— Не все продают свою совесть!

— Пане ласкавый, я понимаю, вам это неприятно слышать, а мне, думаете, приятно говорить об этом? Больно, понимаете, больно. И важно ли, что не все продают? Неважно, потому что продают свою совесть именно те, которые имеют возможность продавать нашу страну. Эх, пане ласкавый, что говорить. Вы надолго приехали?

— Навсегда.

— Дай вам бог. Вы молоды, может, и до лучших времен доживете.

Костюшко понял, что почтарь тяжело переживает позор раздела; он весь во власти своего горя и говорит о нем даже с незнакомым человеком, как больной говорит со всеми о своей болезни. Но горе почтаря обрадовало Костюшко: если первый поляк, которого он встретил на варшавской земле, так болезненно переживает несчастье своей родины, то этим несчастьям скоро наступит конец, ибо народ, осознавший свою болезнь, сумеет найти средство для ее лечения.

Все, о чем говорил почтарь, Костюшко знал уже в Париже, но для него, для Костюшки, новое заключалось в том, что его чаяния и его боль текут в русле народных чаяний и народной боли.
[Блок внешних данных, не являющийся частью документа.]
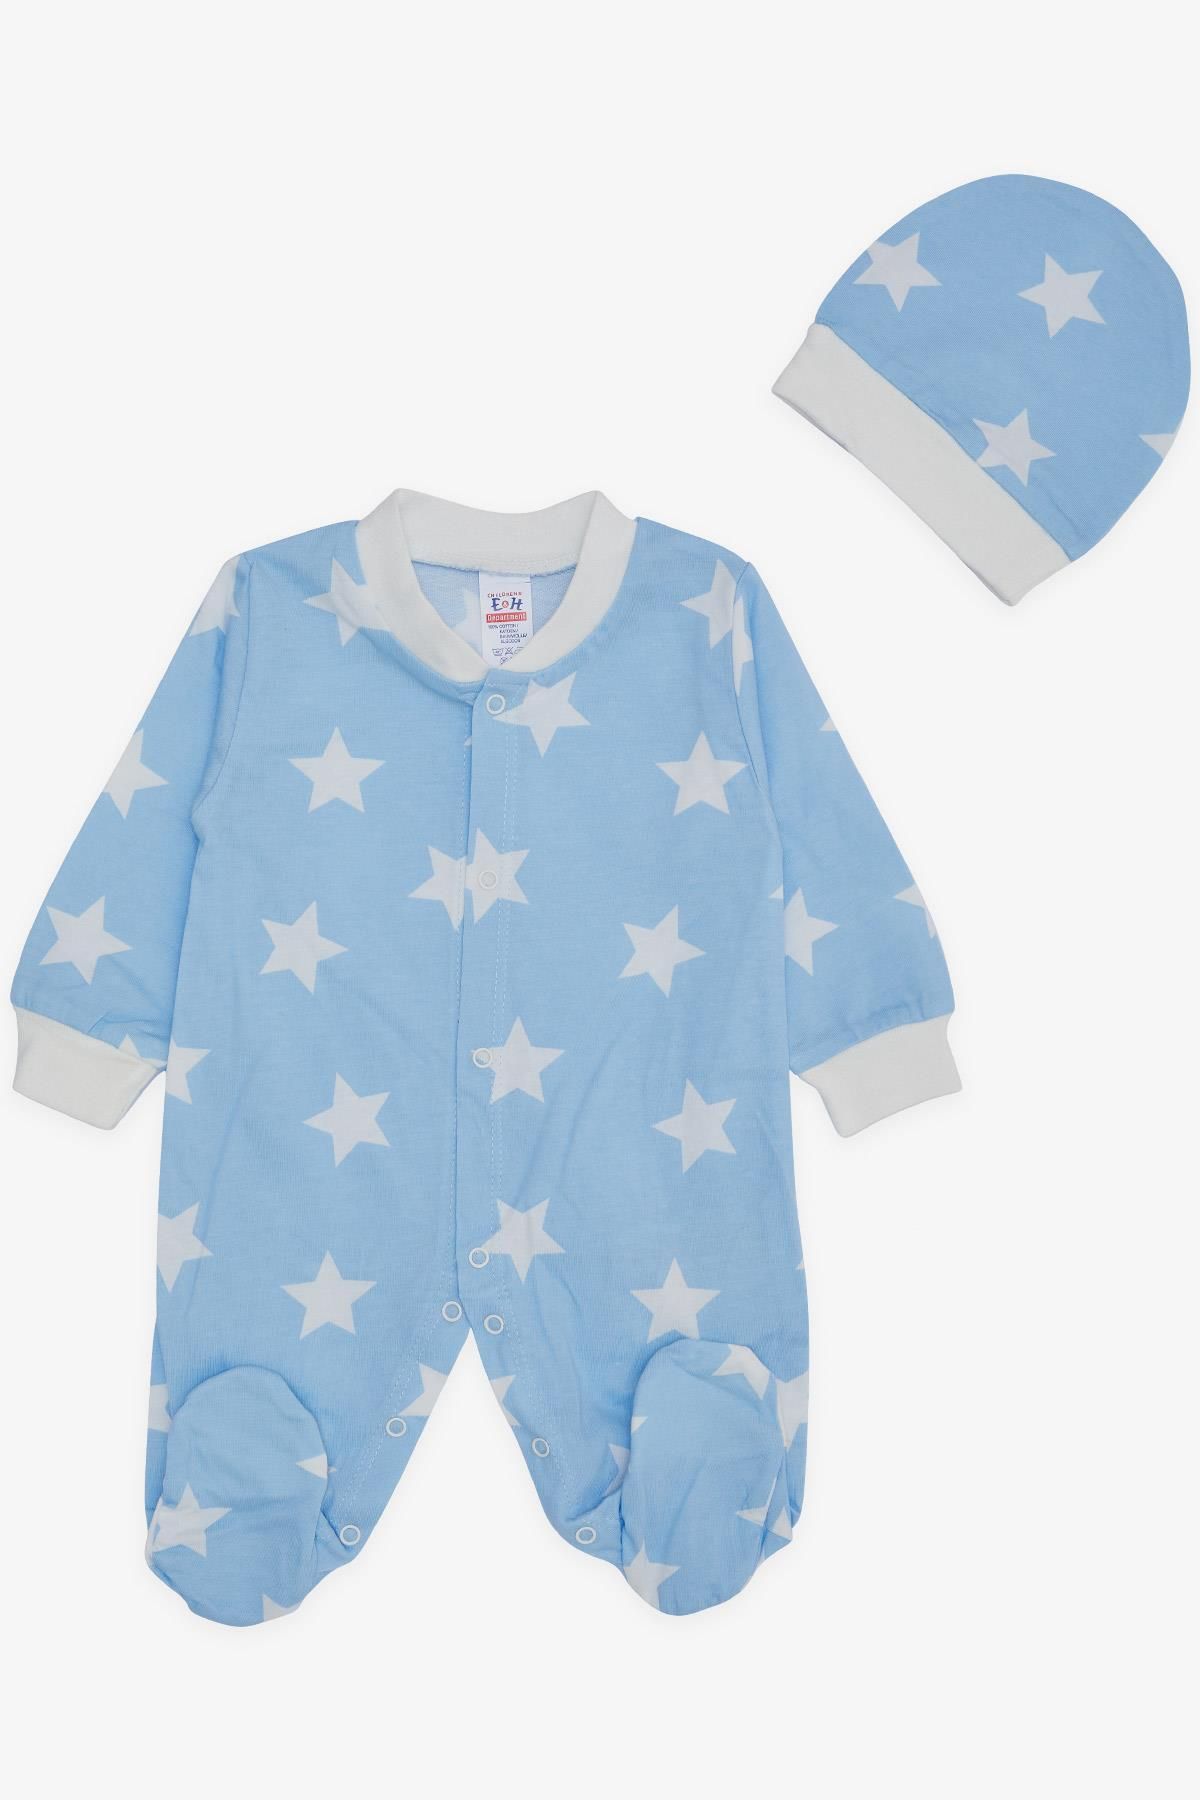 Breeze Erkek Bebek Patikli Tulum Yıldız Desenli 0-6 Ay, Bebe Mavisi

Бывало, в Париже, когда тревожные мысли о родине отгоняли сон, он мучился не только тем, что дела Польши плачевны, а больше оттого, что польский народ смирился, сжился со своим позором. А тут, оказывается, народ не смирился — ему стыдно, ему больно, он говорит о своем горе.

— Пане добродею, — сказал Костюшко, желая хоть словом утишить горе горбуна, — Висла и та не течет прямо к морю, она петляет, выписывает зигзаги, а у Вышогрода она даже пытается повернуть вспять. Так и жизнь. Важно, чтобы народ видел свое море, стремился к нему.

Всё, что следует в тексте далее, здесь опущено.